With regard to the pelvis position/orientation and joint angles, the model estimations were generally in agreement with the experimental measurements. Average RMSE were 5.4 ± 3.3 mm for the pelvic translations, and 1.9 ± 1.3° for pelvic rotations and joint angles. However, RMSE was found to be higher for the ankle joint (4.0 ± 0.9°). Considering all degrees of freedom, the correlation remained very high with an average R2 at 0.94 ± 0.09.

For the GRF, the model estimations were found to be in agreement with the experimental measurements (the average RMSE is 17.3 ± 5.5 N). For these forces, the correlation remained high with an average R2 at 0.97 ± 0.03.


The main objective of this study was to adapt an EMG marker tracking optimization process to solve a forward dynamics problem on a 3D musculoskeletal model of the lower limb during equinus gait. To the best of our knowledge, the use of a direct multiple shooting algorithm on a musculoskeletal model with the tracking of measured EMG, marker trajectories, and GRF has never been performed to date. As already shown by Bélaise et al. (2018a,b), this approach allows for an accurate reproduction of joint kinematics and ensures temporal fidelity in muscle activity with improved computational time compared to traditional forward dynamic approaches. We have also highlighted that the tracking of GRF could be performed accurately, even without the use of a complex foot/ground contact model.


A primary limitation of this preliminary study is that it was based on a small number trials for a single task, performed by a single participant. As such, limited conclusions can be drawn from this paper.

A second limitation is that only one contact point was defined at the forefoot and it was only constrained to null velocity and acceleration during the whole contact phase. While this approach was in line with an equinus gait and was able to accurately reproduce the tracked GRF, this definition cannot be applied during normal gait trials, during which several contact points should be defined (Fluit et al., 2014a). Elastic contact elements (Peng et al., 2018), artificial muscle-like actuators (Fluit et al., 2014a) or distance and velocity-dependent force models (Jung et al., 2016) should be adapted to the present model to extend its use to normal gait.

The proposed musculoskeletal model also only consisted of the pelvis and the right lower limb. A forward dynamic approach was made possible by replacing the forces and moments produced by the opposite lower limb and the upper part of the body by a set of generalized forces acting on the pelvis. With such an approach, the individual contribution of the opposite lower limb and the upper part of the body to the muscle activity and joint contact forces of the right lower limb cannot be evaluated individually. It would thus be an important next step to complete the missing body segments of the present musculoskeletal model in order to obtain a full body musculoskeletal model. Several full body musculoskeletal models (Rajagopal et al., 2016; Bassani et al., 2017) have been proposed in the literature and could be transferred to the bioRBD musculoskeletal modeling package. These segments could be actuated by joint torques instead of muscles.

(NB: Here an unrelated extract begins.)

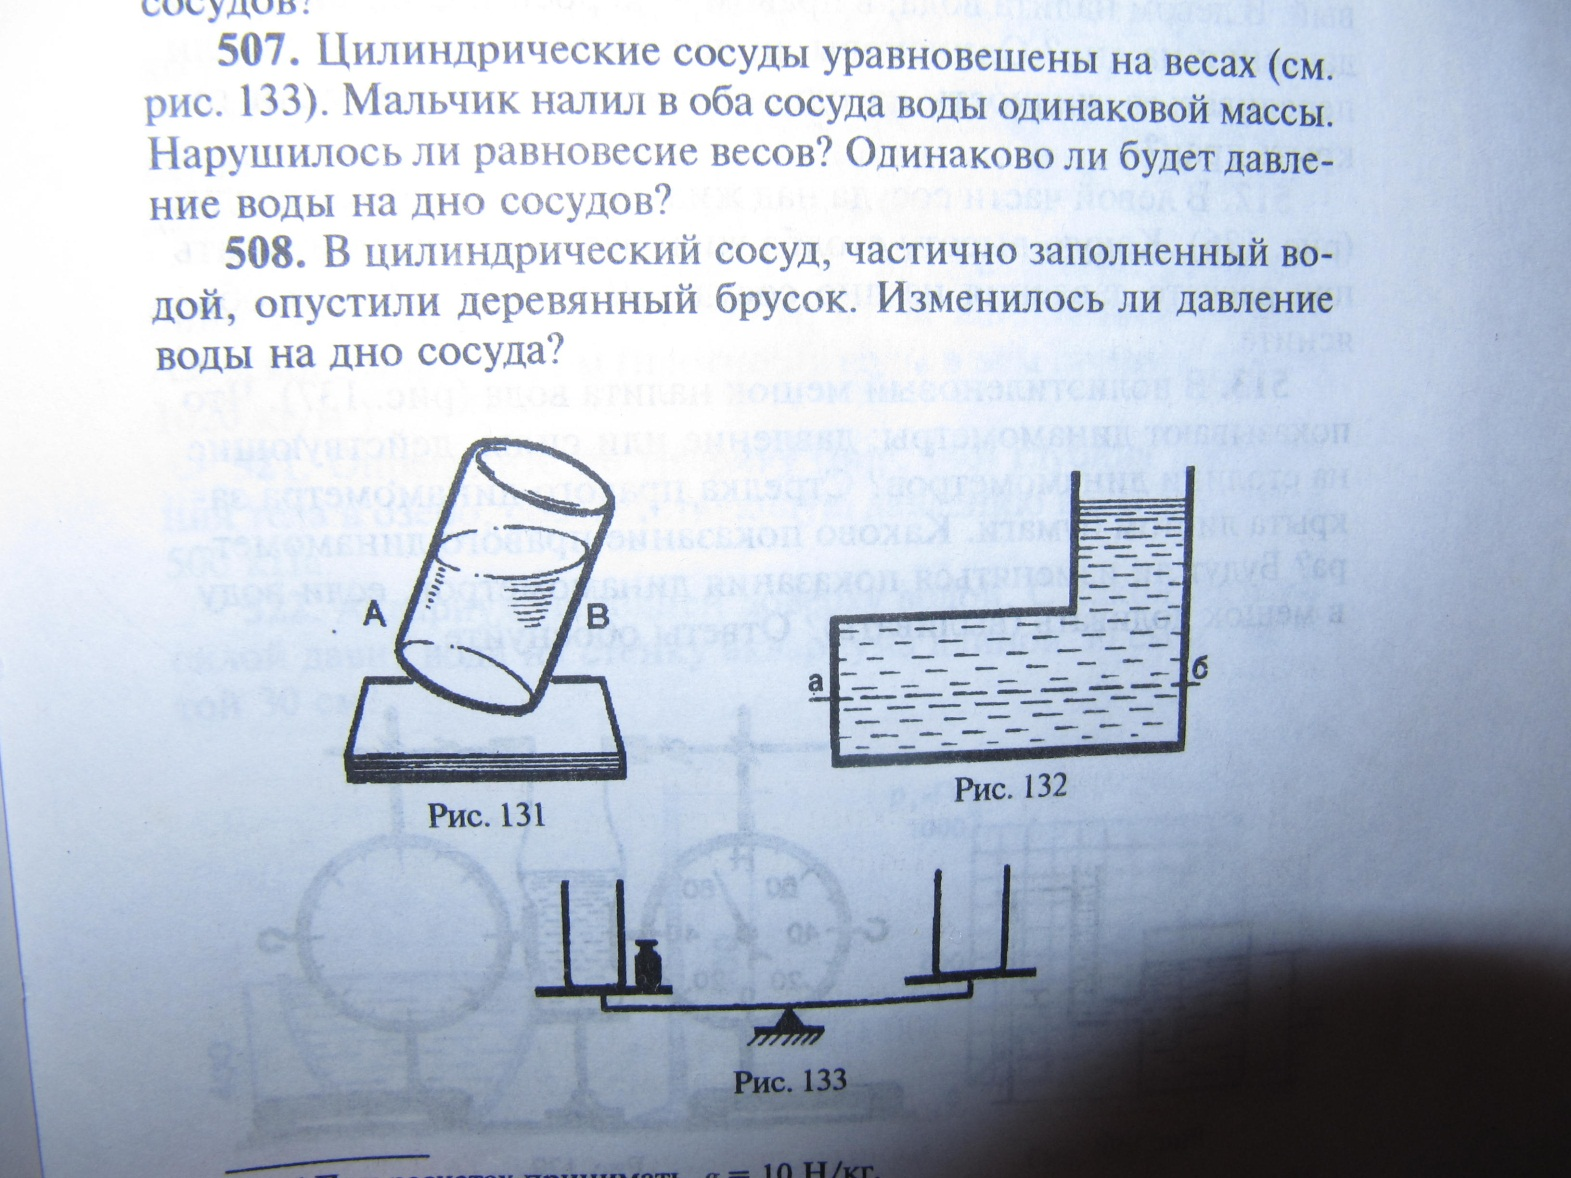 Ширина стенки в направлении, перпендикулярном плоскости чертежа (от

In addition to this, while we used a 3D musculoskeletal model, DoFs were reduced to only allow a two-dimensional motion in the sagittal plane. It is however, established that walking is a locomotion task that is performed in sagittal, coronal, and transversal planes (Perry and Burnfield, 2010). In particular, patients often develop compensatory movements in the coronal plane when pathological impairments result in reduced foot clearance capacity in the sagittal plane (Chantraine et al., 2016). Despite this simplification, the accuracy of kinematic tracking observed in the present results suggest that there is potential for the EMG marker tracking optimization process to perform 3D gait motion simulations.

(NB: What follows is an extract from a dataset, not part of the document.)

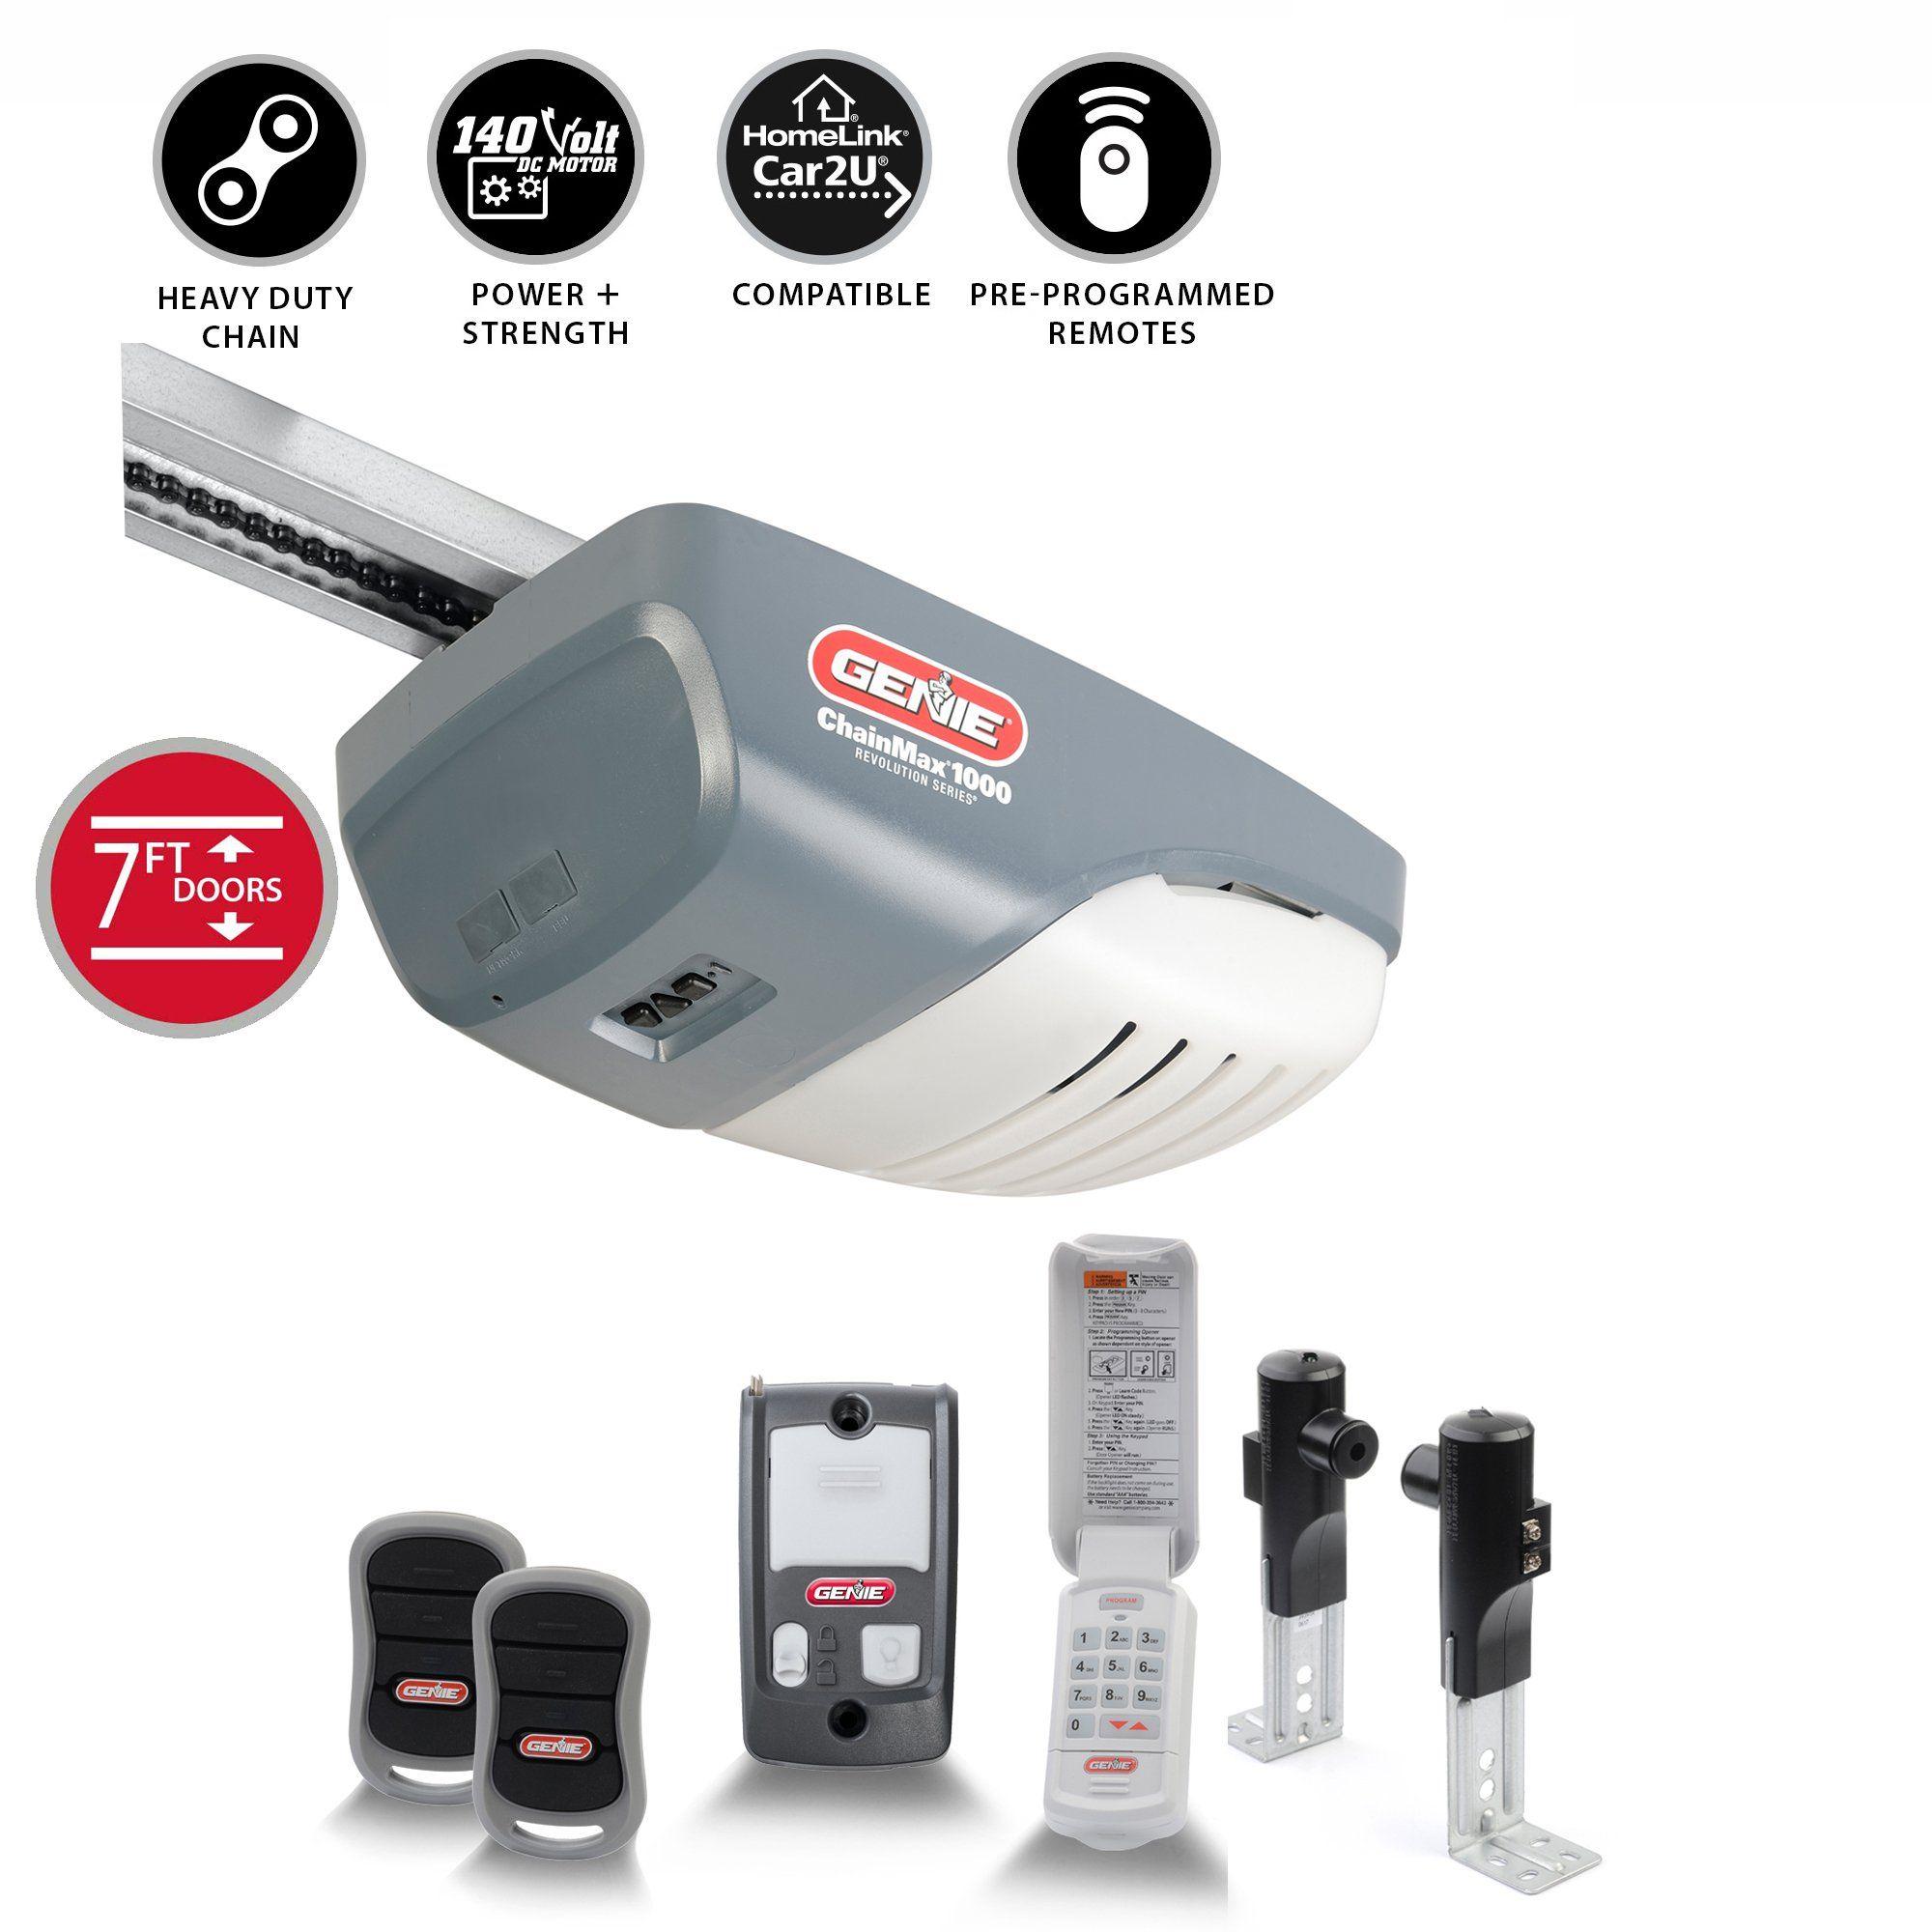 Liftmaster 8065 1 2 Hp Ac Chain Drive Garage Door Opener

Finally, most of the parameters of the Hill-type muscle model were kept with generic property definitions in this study. Only optimal maximal isometric forces were identified during dynamic optimizations, while muscle optimal lengths, tendon slack lengths, and maximal isometric forces are usually identified in similar studies (Sartori et al., 2014; Pizzolato et al., 2015). This may explain the high excitations observed in muscles contained in a group, for which tracking of excitation was applied to other muscles. The introduction of further muscle parameters could be implemented in future studies, and would only be expected to impact the convergence time of the simulations.

Muscle Activity

The present study support the results of Bélaise et al. (2018a,b), which demonstrated that EMG tracking could be an efficient way to reproduce measured muscle excitations in simulations. While some amplitude differences appeared for certain tracked muscles, the temporal activity was generally reproduced with good fidelity. This outcome is crucial to ensure the ability of the model to produce muscle co-contractions. Similar approaches have already been proposed in the literature–EMG-driven musculoskeletal models have also been used to accurately reproduce muscle excitation patterns observed on EMG records (Shao et al., 2009; Sartori et al., 2012). However, these models are constrained to have as many muscle lines of action as EMG available in the dataset. To overcome this limitation, some authors have proposed hybrid approaches that combine EMG-driven and static optimization methods (Lloyd and Besier, 2003; Moissenet et al., 2014; Sartori et al., 2014). The drawback with this strategy is that by minimizing the difference between the motor joint moments computed by EMG-driven and inverse dynamics, kinematics may not be accurately reproduced. In that sense, the EMG-marker tracking algorithm proposed by Bélaise et al. (2018a,b) is a novelty. As this method tracks joint kinematics based on marker trajectories rather than joint moments as in a forward dynamic approach, the error diffusion is minimized and the simulation outputs reproduce the experimental kinematics more faithfully.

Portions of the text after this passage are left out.